Implementing RAG With Spring AI and Ollama Using Local AI/LLM Models
In this article, learn how to use AI with RAG independent from external AI/LLM services with Ollama-based AI/LLM models.
Join the DZone community and get the full member experience.
Join For FreeThis article is based on this article that describes the AIDocumentLibraryChat project with a RAG-based search service based on the Open AI Embedding/GPT model services.
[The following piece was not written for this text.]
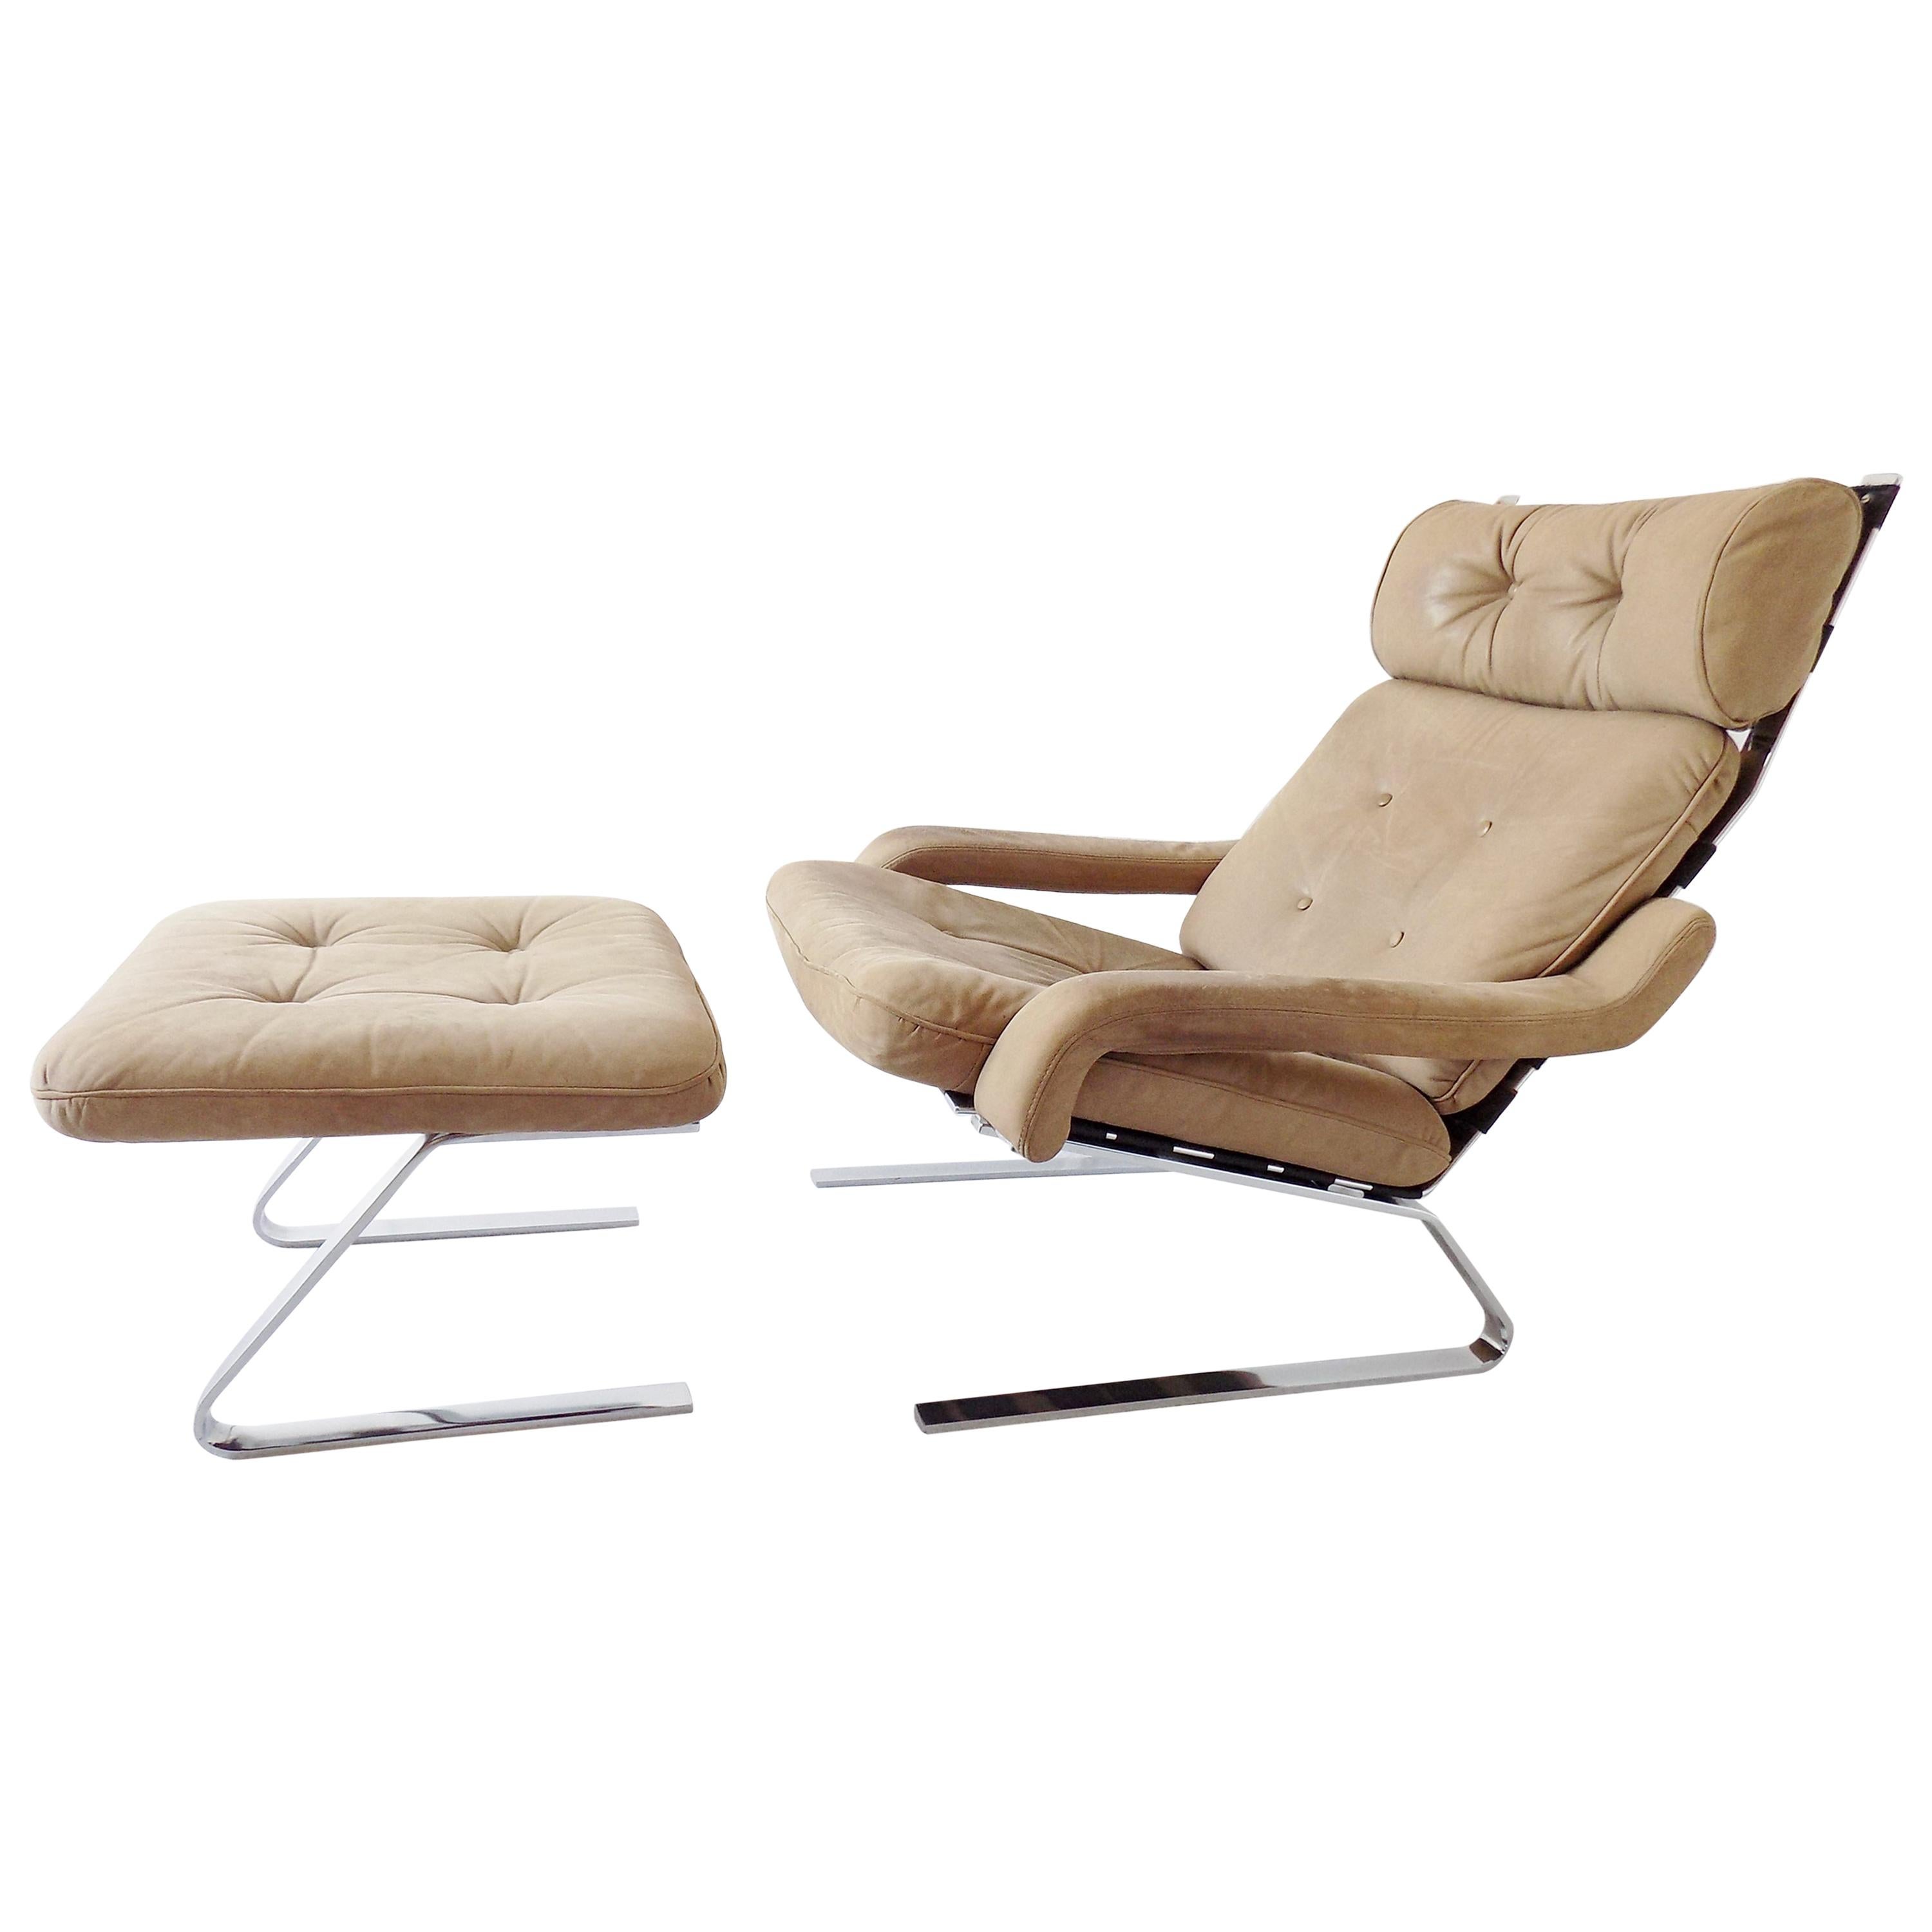 Danish Swing Lounge Chair with ottoman, Nubuk leather, Mid-Century modern, Chrom

The AIDocumentLibraryChat project has been extended to have the option to use local AI models with the help of Ollama. That has the advantage that the documents never leave the local servers. That is a solution in case it is prohibited to transfer the documents to an external service.
Architecture
With Ollama, the AI model can run on a local server. That changes the architecture to look like this:
The architecture can deploy all needed systems in a local deployment environment that can be controlled by the local organization. An example would be to deploy the AIDocumentLibraryChat application, the PostgreSQL DB, and the Ollama-based AI Model in a local Kubernetes cluster and to provide user access to the AIDocumentLibraryChat with an ingress. With this architecture, only the results are provided by the AIDocumentLibraryChat application and can be accessed by external parties.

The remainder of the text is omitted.